Brief | Give all of the data below again exactly, and drop the images.

Source material |
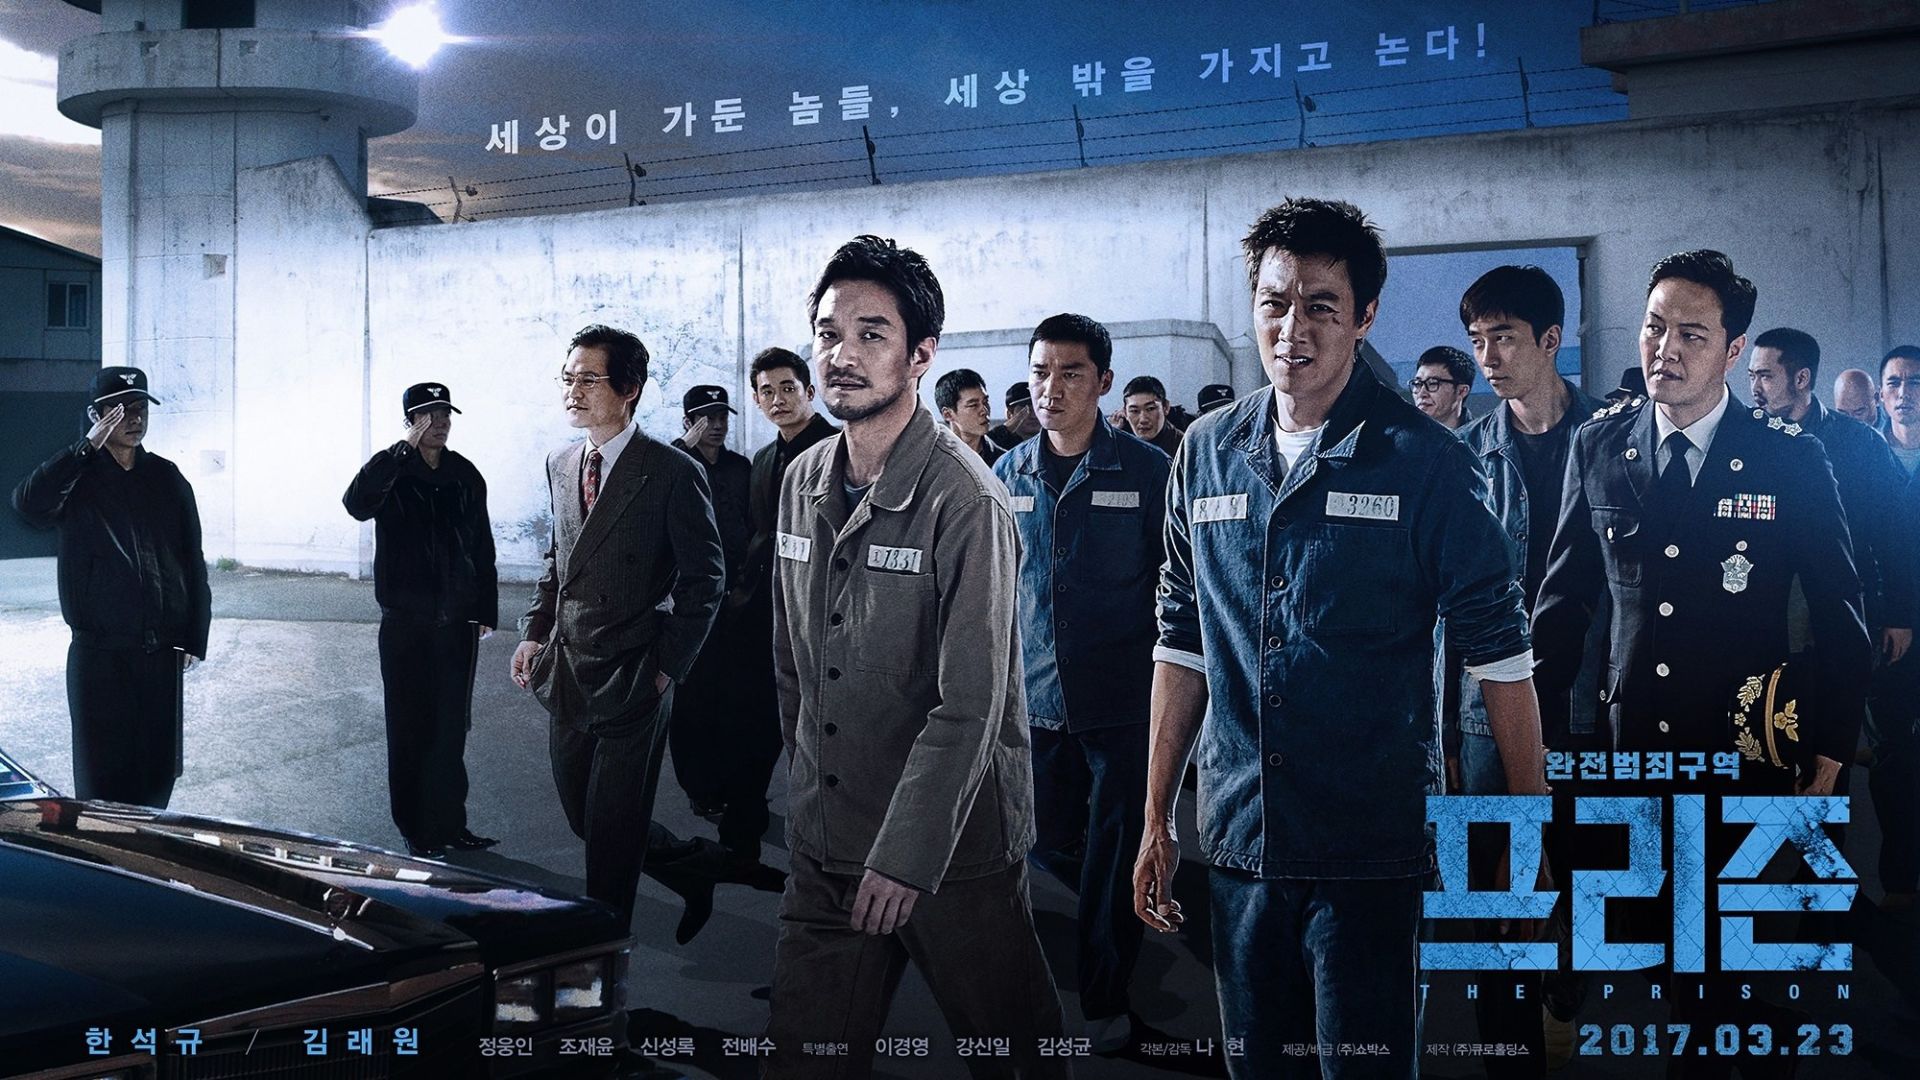 دانلود فیلم کره ای The Prison 2017
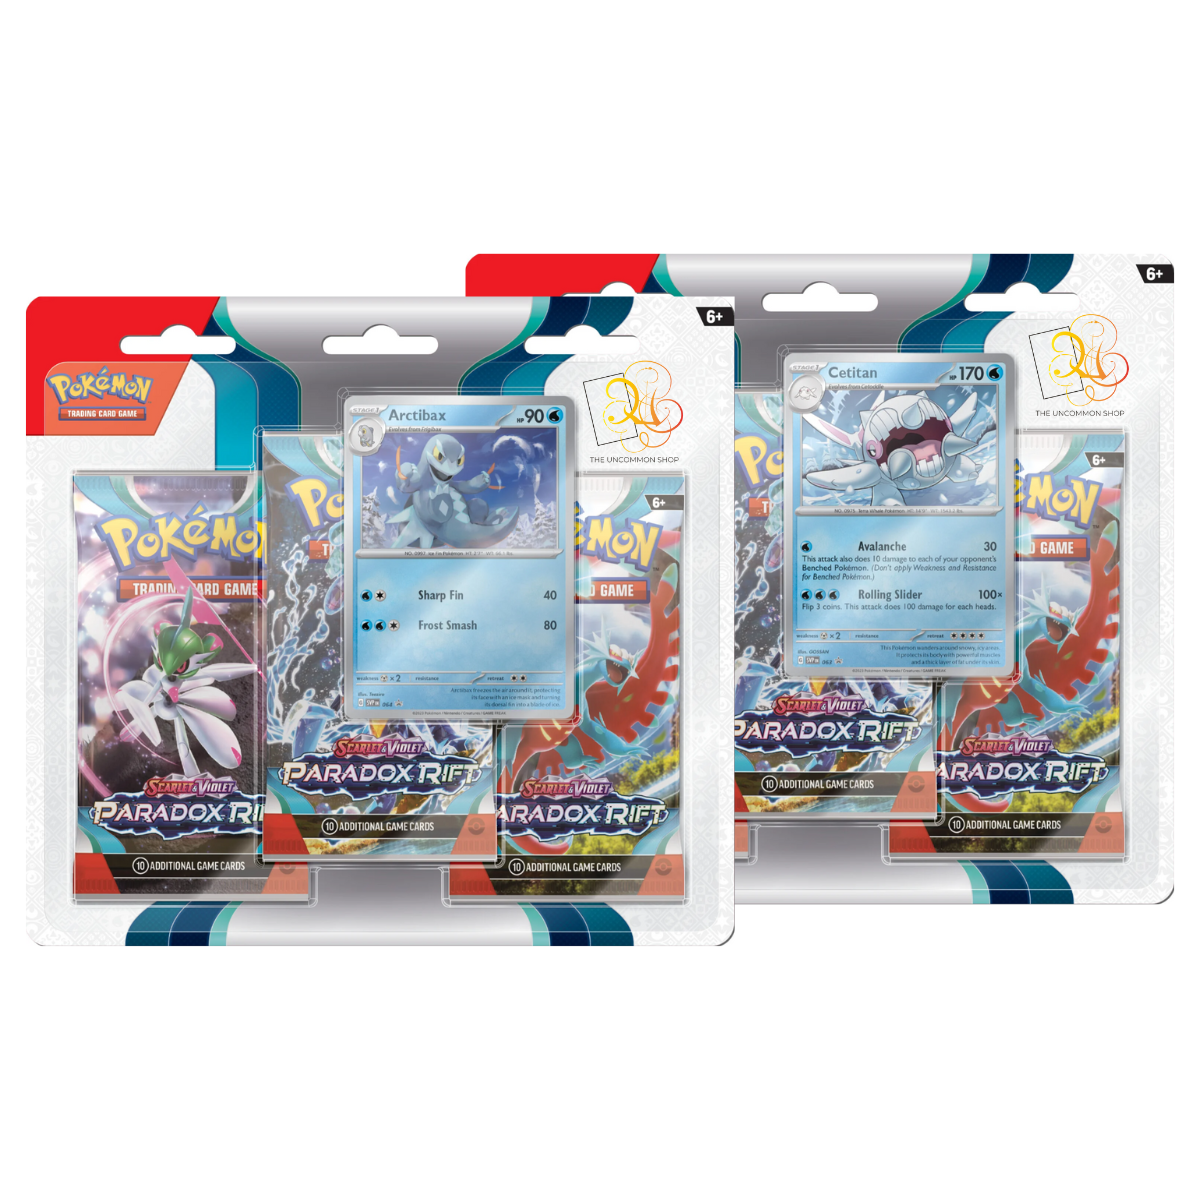 Pokémon - Karmesin & Purpur: Paradoxrift - 3-Pack Blister Booster - EN
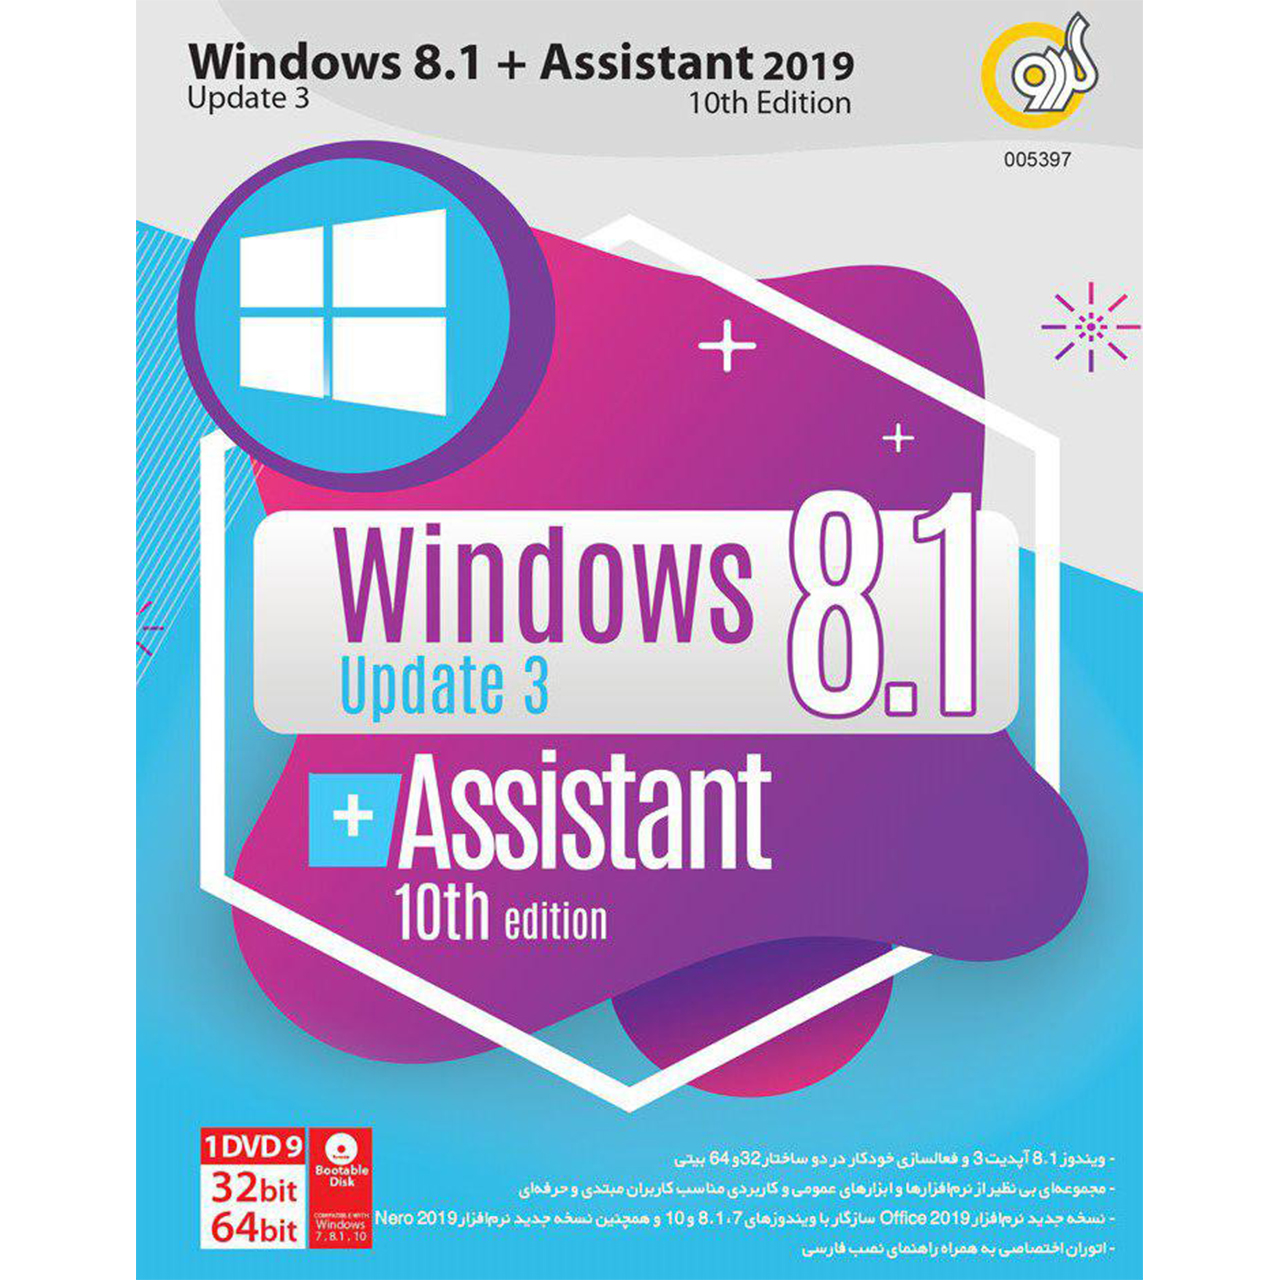 سیستم عامل ویندوز گردو Windows 8.1 Update3 + Assistant 10th Edition 2019

Problem solution |
 دانلود فیلم کره ای The Prison 2017
 Pokémon - Karmesin & Purpur: Paradoxrift - 3-Pack Blister Booster - EN
 سیستم عامل ویندوز گردو Windows 8.1 Update3 + Assistant 10th Edition 2019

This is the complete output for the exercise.